Ummm.....let me see if I remember this correctly.....the 3-truck suffered from lousy cold-soldered connections that keep breaking right at the board. The "quasinami" sound system (in models so equipped) had problems as well....I'm sure I'm leaving a bunch of things out....oh well, that should be good for starters... I'd check the soldered connections for a break.


----------



## nkelsey (Jan 4, 2008)

I just completed converting a 3 truck to Airwire/P5 and when i got into the coal tender to take out the the board I found that the comment about the wires breaking at the board was dead on. The broke off faster than I could identify and tag them. Recommend stripping out all the Bachmann wiring and start over. They also used masking tape to "insulate" the wire joins on the rear light.


----------



## Greg Elmassian (Jan 3, 2008)

Flashing lights usually mean track voltage is too high, 21 volts is about where it shuts off and blinks. The quasinami freaks out at this voltage and above. 

Does the "dome light" flash at all voltages? 

Regards, Greg


----------



## chaingun (Jan 4, 2008)

I'll start checking the wiring. 
Greg, Yes the cab light blinks as soon as there is power to it. I don't think I over volted it but I have done stranger things. Is there some way to reset the quasinami? 

Thanks, Ted


----------



## Greg Elmassian (Jan 3, 2008)

Well, that sucks, was hoping it was as simple as overvoltage. 

I think resetting the Quasinami requires a DCC system.... That would be my next step. 

The good news is (I hope) that the blinking is coming from the DCC decoder, which is "alive enough" to blink the light. 
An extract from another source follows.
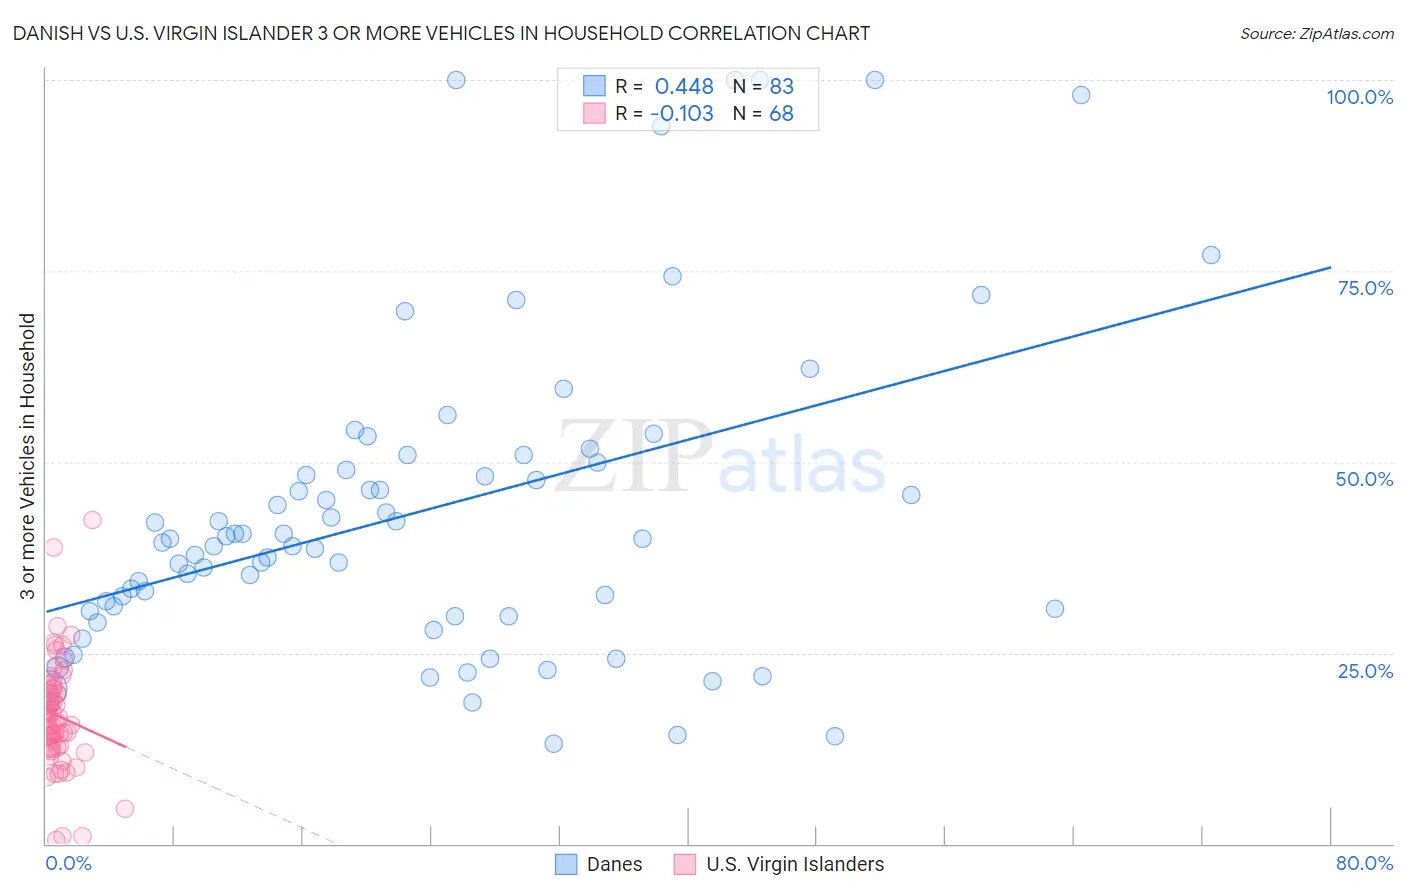 Danish vs U.S. Virgin Islander 3 or more Vehicles in Household

I have not looked if there is a way to do a decoder reset from DC... Do you have a manual for the decoder? 

Regards, Greg


----------



## chaingun (Jan 4, 2008)

Greg 
I checked the user guide on the CD and it lists fault codes. The problem is it says head & tail lights will blink X number of times to indicate the fault code. All I have is the cab light blinking and I can detect no pattern. 
This one looks like a big maybe - so I am still checking for a lose or shorted wire. 
Error 11 - Motor Connection Fault 
This error indicates a faulty motor connection has been detected and 
typically occurs when the motor lead is shorted to a track pickup wire. 
The motor will not respond until the error is corrected. 
Thanks, Ted


----------